I was jolted by the crashing sound of a distinct force that wrenched my inner organs. I was heaved out of my seat and was about to tumble over into the one in front when I was rammed into components of steel, tin, aluminum, and glass, angrily striking objects and being hit, hurt, crumpled. At that very instant, I fell back once more into the same bus seat as someone who was altogether different.

Yet neither was the bus any longer the same bus. I could see through a blue fog from where I still sat in confusion that the driver's station plus the seats immediately behind it had disintegrated into smithereens and disappeared.

It must have been this that I had been looking for; it was what I wanted. How aware I was of what I discovered in my heart! Peace, sleep, death, time! I was both here and there, in peace and waging a bloody war, insomniac as a restless ghost and also interminably somnolent, present in an eternal night and also in time that flowed away inexorably. Consequently, I went into slow motion, just as in the movies, and rose from my seat, skirted the corpse of the young bus attendant who had migrated into the land of the dead, still holding a bottle in his hand. I went out the rear exit and stepped into the dark garden of the night.

One end of this arid and limitless garden was the asphalt highway that now lay covered with shards of glass, the other end a realm from which there was no return. I proceeded fearlessly into the velvet night, convinced that this was the halcyon land which had for weeks wafted balmy as paradise in my imagination. It was as if I were sleepwalking, but I was awake, walking but with my feet not touching the ground. Perhaps I had no feet, but perhaps I no longer remember since I was there all by myself. I was there by myself and I was myself alone, my numbed body and my consciousness. I was brimming with my own being.

I sat down somewhere next to a rock in the paradisical darkness and stretched out on the ground. Stars here and there above me and an actual rock beside me. I touched it with longing, feeling the unbelievable pleasure of a touch that was real. Once upon a time, there was a real world where a touch was a touch, smells were smells, and sounds were sounds. Can it be, O star, that the other time has given this present time a glimpse of itself? I could see my own life in the dark. I read a book and found you. If this be death, then I am born again. I am here, in this world, a brand-new being with no memory and no past. I am like some new attractive TV star appearing in a new serial, or childishly astonished like a fugitive who sees the stars for the first time after years of being incarcerated in a dungeon. I heard the call of silence, the like of which I had never before experienced, and I kept asking: Why buses, nights, towns?
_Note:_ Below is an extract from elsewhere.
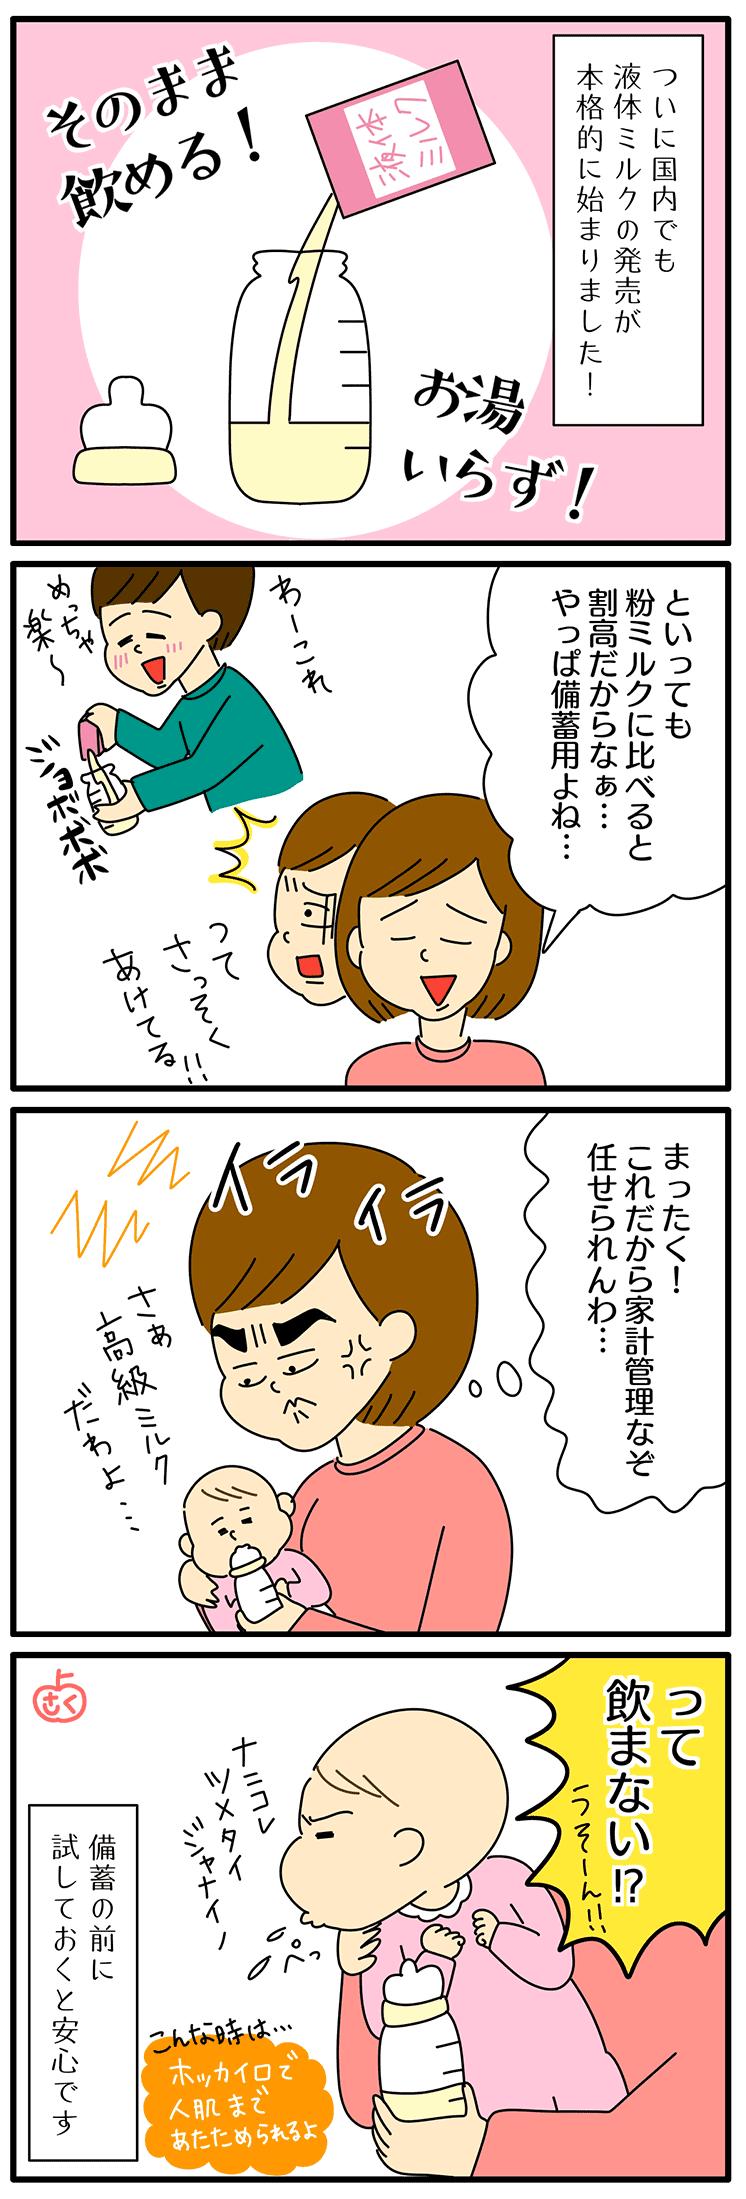 液体ミルクについての永岡さくら(saku)さんの子育て4コマ漫画

Why all these roads, bridges, faces? Why solitude that like a hawk overwhelms the night? Why words that get caught in appearances? Why time that has no return? I could hear the crackling in the earth and the ticking of my watch. Time is three-dimensional silence, the book said. I said to myself: So I am to die without understanding the three dimensions in the slightest, without comprehending life, the world, and the book, without, even, seeing you once more, Janan. That was how I was talking to the stars, these brand-new stars, when a childish thought came to me childishly: I was still too much of a child to die. And feeling the warmth of the blood that trickled from my forehead down on my hands, I felt the happiness of discovering, once again, the tactual, olfactory, and visual properties of things. I regarded this world, happy and loving you, Janan.